Os moradores ainda citam invasões de espaços das roças dos agricultores.

"A gente vive ameaçado. Eu mesmo há três anos que tento levantar uma casa, não posso. A gente faz uma roça, eles vêm e derrubam. Muitas vezes a gente chega às 5h da manhã, está tudo no chão. Sempre chega gente e diz: 'não pode levantar'. Mas por que não pode se aqui sempre foi da gente?"

- Maria Esmeraldina Alves, 49, agricultora.

Roçado destruído em Barra Grande(PI).
Foto: Arquivo Pessoal

Ação da SSP e redução de ação

A SSP (Secretaria de Segurança Pública) do Piauí informou ao UOL que o secretário Chico Lucas já determinou que o caso seja apurado pela Corregedoria da PM à Delegacia Geral da Polícia Civil, para saber se há policiais envolvidos. Uma investigação também sobre os grupos armados foi aberta e está em curso pelo Departamento de Repressão às Ações Criminosas Organizadas.

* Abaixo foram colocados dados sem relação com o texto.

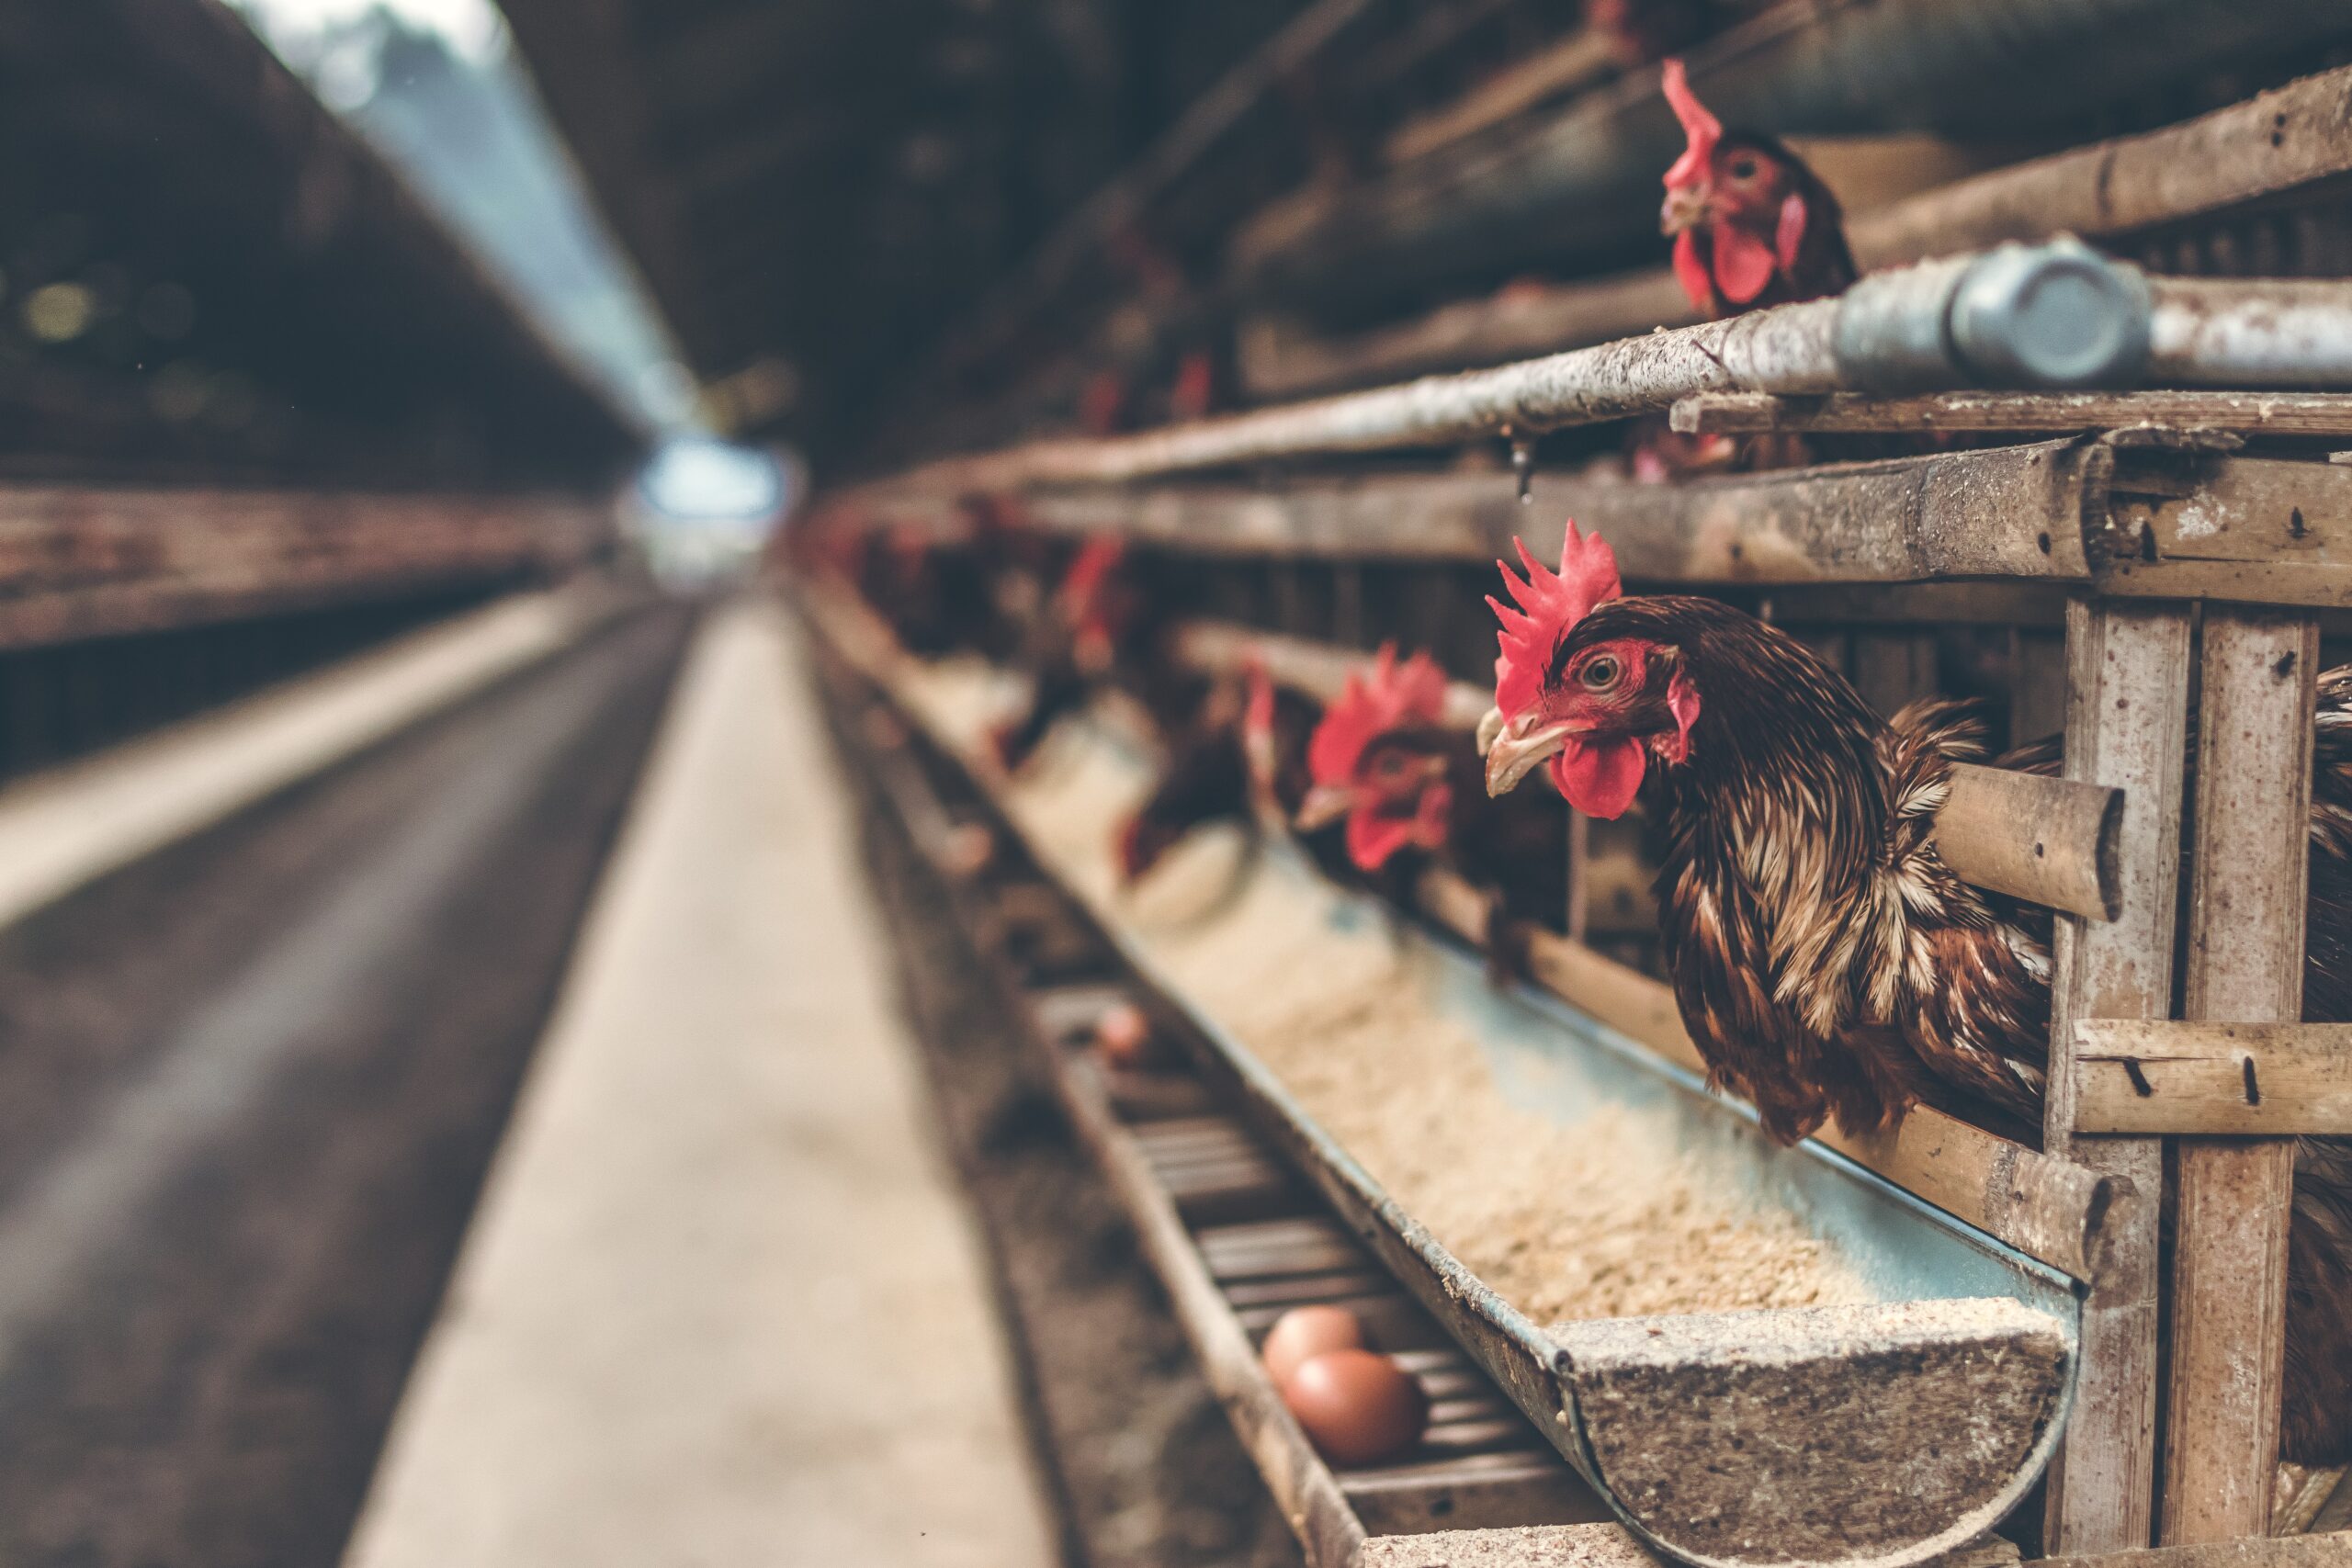 Plant-based packaging could improve poultry sustainability

Além disso, a SSP diz que criou um grupo de trabalho com a participação de vários órgãos para tentar chegar a soluções definitivas sobre o problema.

Segundo Liliana Souza, presidente da ONG Comissão Ilha Ativa, após as denúncias da Defensoria em abril, as ações de milícias têm diminuído, "mas ainda existem."

"Ainda há ações de ameaças, de desrespeito. É absurdo que comunidades tenham medo de ir pescar, e serem abordados no seu trajeto, tendo armas apontadas para si."

- Liliana Souza, da ONG Comissão Ilha Ativa

Ela explica que a região que é alvo foi historicamente povoada por comunidades pesqueiras e agricultores familiares. Uma das maiores dificuldades é que elas pedem reconhecimento, já que se trata de área pública da União.

"São inúmeros processos de solicitação engavetados; em paralelo, essas áreas solicitadas estão sendo ocupadas de forma irregular, sem nenhuma ação dos órgãos."